Welcome
The Statistical Inference for Network Models symposium is a satellite of the NetSci conference, which has moved online due to COVID-19. SINM2020 will be held online on Sept 20, 2020. SINM will feature a mix of invited and contributed talks. You can view on the invited speakers who have confirmed so far. All attendees of this symposium must be registered for the NetSci2020 conference in order to attend. Please note the important dates and deadlines:Call for Abstracts
Submit here but please see requirements below.
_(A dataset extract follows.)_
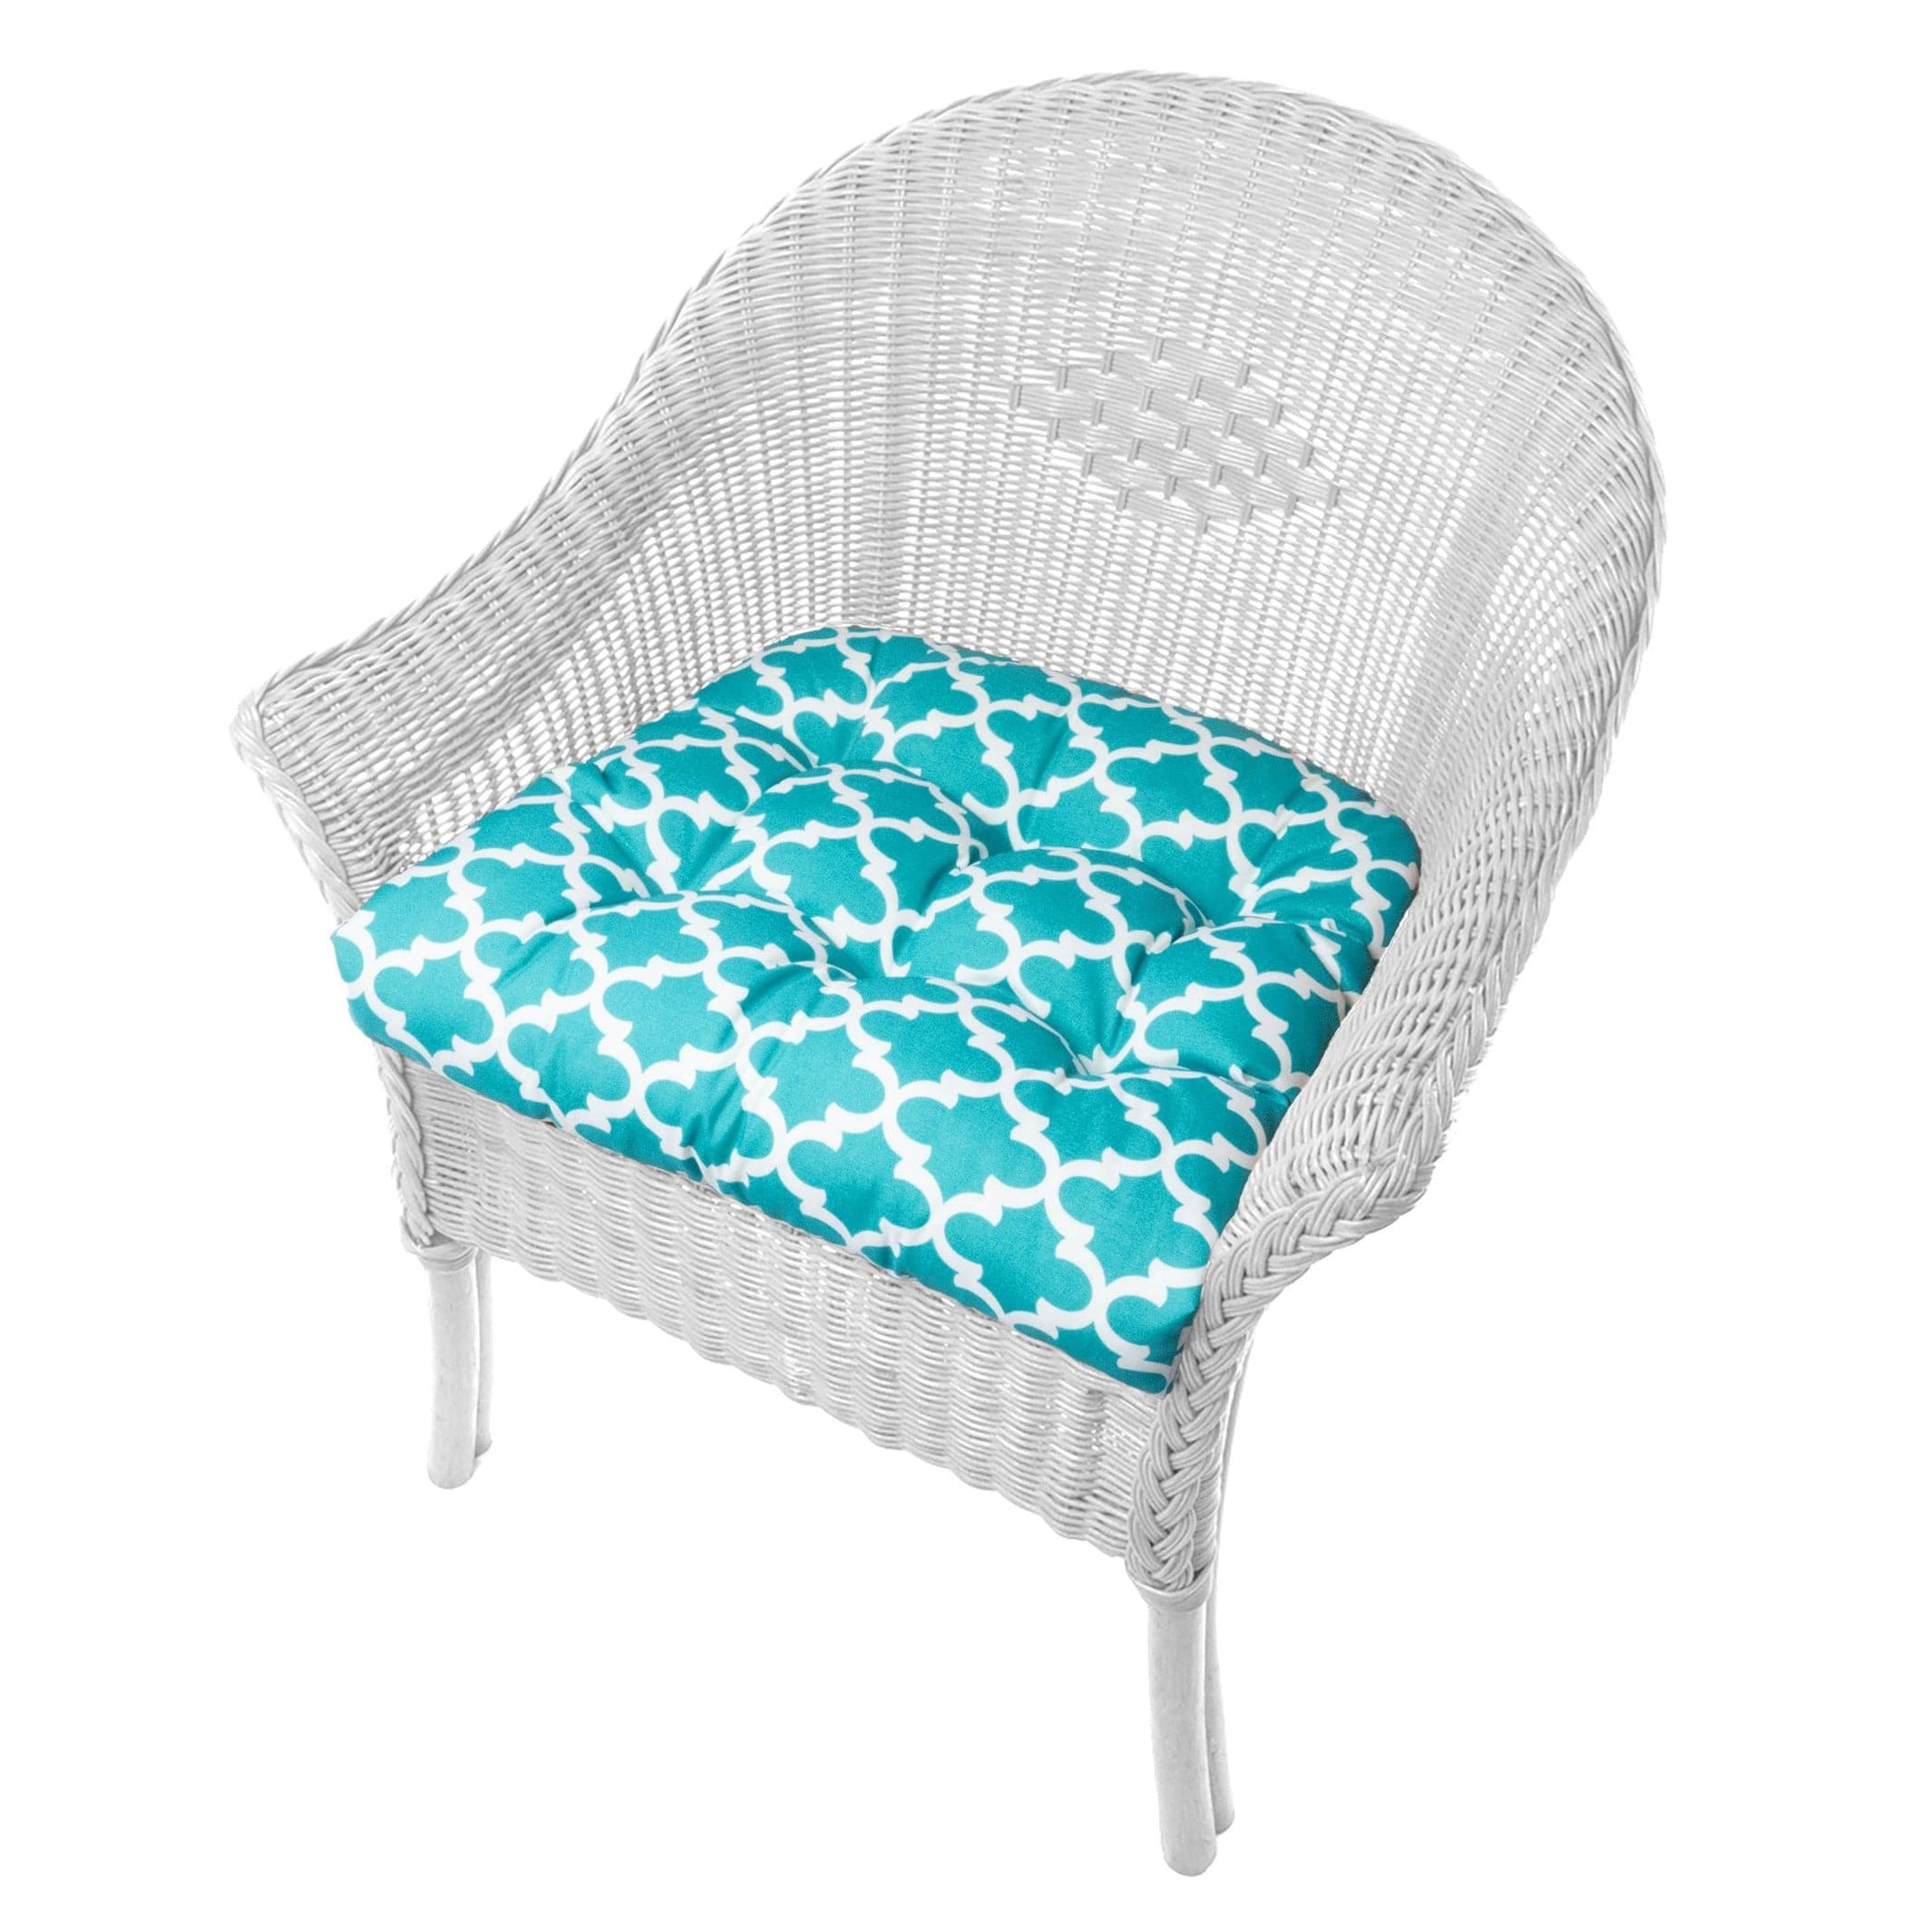 Fulton Aqua Patio Chair Cushions - Wicker Chair Cushions

Any abstract submitted between now and the next call for abstracts will be given full consideration. We invite abstracts of new and/or previously published work for contributed talks to take place at the symposium. We hope for a broad range of topics to be covered, across theory, methodology, and application to empirical network data. Potential topics include:- Generative models for network structure
- Community structure, hierarchical structure, block modeling
- Model selection, comparison, and validation
- Efficient algorithms
- Intersections between statistical physics and machine learning
- Detectability limits
- Network comparison
- Prediction and anomaly detection
- Statistical relational learning
- Bayesian nonparametrics
- Graphon estimation
- Interfaces with spectral methods
- Social networks and social media
- Biological networks
- Model-based knowledge discovery
- New domains of application
- New models for applied problems
Extended Abstract Instructions
Abstract submission will be double blind and handled by EasyChair. Guidelines:- Extended abstract format. Example from 2018.
- 1-page maximum, PDF format.
- PDF may contain a figure.
- Please remove all author names and affiliations from the abstract. Reviews will be double blind.
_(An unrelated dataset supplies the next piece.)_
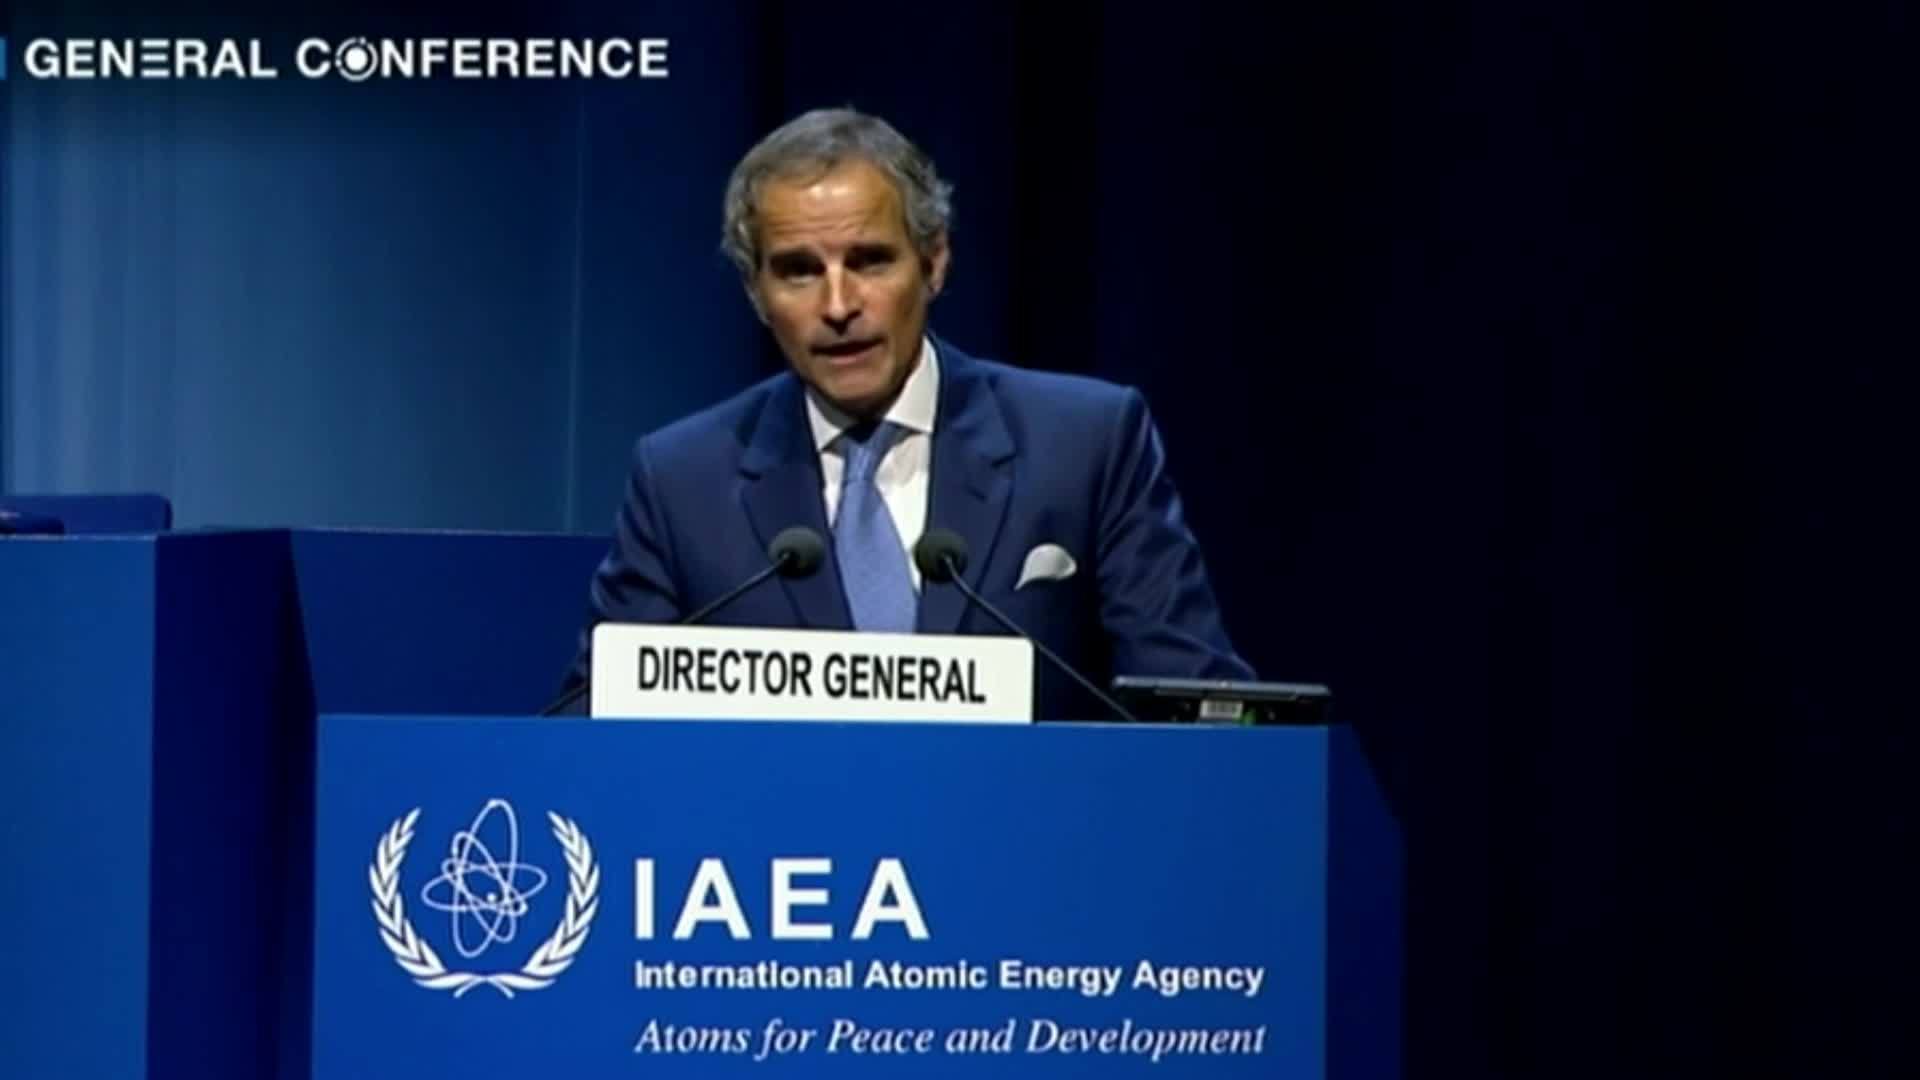 Relatório atualizado da AIEA aponta crescimento da energia nuclear nas próximas décadas

- Abstract deadline is July 15, 2020.
Symposium Description
This workshop will address the intersection of two trends in network science. On the one hand, real-world networks are increasingly annotated with rich metadata, including vertex or edge attributes or temporal information. Making sense of such data requires moving beyond simple models of network structure. On the other, hypotheses about network structure and the processes that create those patterns are increasingly sophisticated. The tools of statistical inference for network models offer a principled and effective approach for both understanding richly annotated network data and testing interesting network hypotheses.
In particular, probabilistic models are a quantitative approach that allow researchers both to infer complicated hidden structural patterns in existing data and generate synthetic data sets whose structure is statistically similar to real data. These models facilitate handling many of the challenges of understanding real data, including accounting for noise and missing values, and they connect theory with data by providing interpretable results. Statistical inference is thus a powerful and useful tool for modeling and understanding networks.
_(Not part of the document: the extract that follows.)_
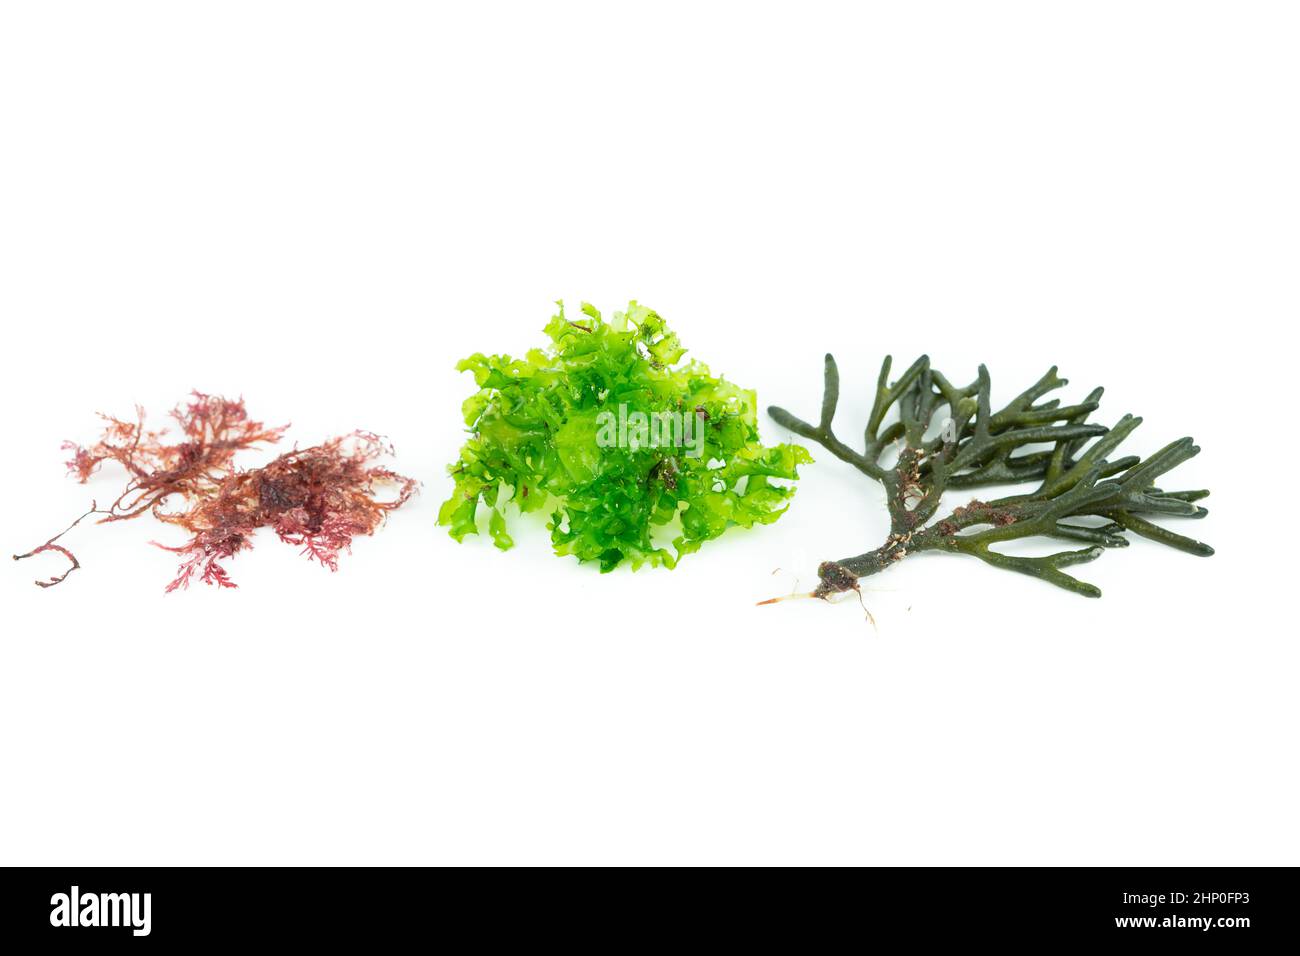 Drei verschiedene Algenarten auf weißem Hintergrund. Codium tomentosum, Gelidium, Ulva lactuca. Draufsicht. Stockfoto

The development of new tools and their application to understand real systems is now a major community effort in network science. Despite their power and utility, however, these techniques are not as easy or approachable as simpler tools, like degree distributions, centrality scores, and clustering coefficients. Increasingly, new applications and richer data sets offer new opportunities for developing and applying the principled techniques of statistical inference to networks.
This satellite symposium will build on six successful previous satellites at NetSci2014, NetSci2015, NetSci2016, NetSci2017, NetSci2018, and NetSci2019 by uniting theoretical and applied researchers, bringing together approaches from across network science, including machine learning, statistics, and physics. This broad cross-section of disciplines shares problems and even approaches, but each discipline brings a different perspective, emphasis and vocabulary. The purpose of this symposium is to provide a platform for cross-pollination of ideas and promote interdisciplinary interactions which leverage the diversity of approaches to a common set of problems.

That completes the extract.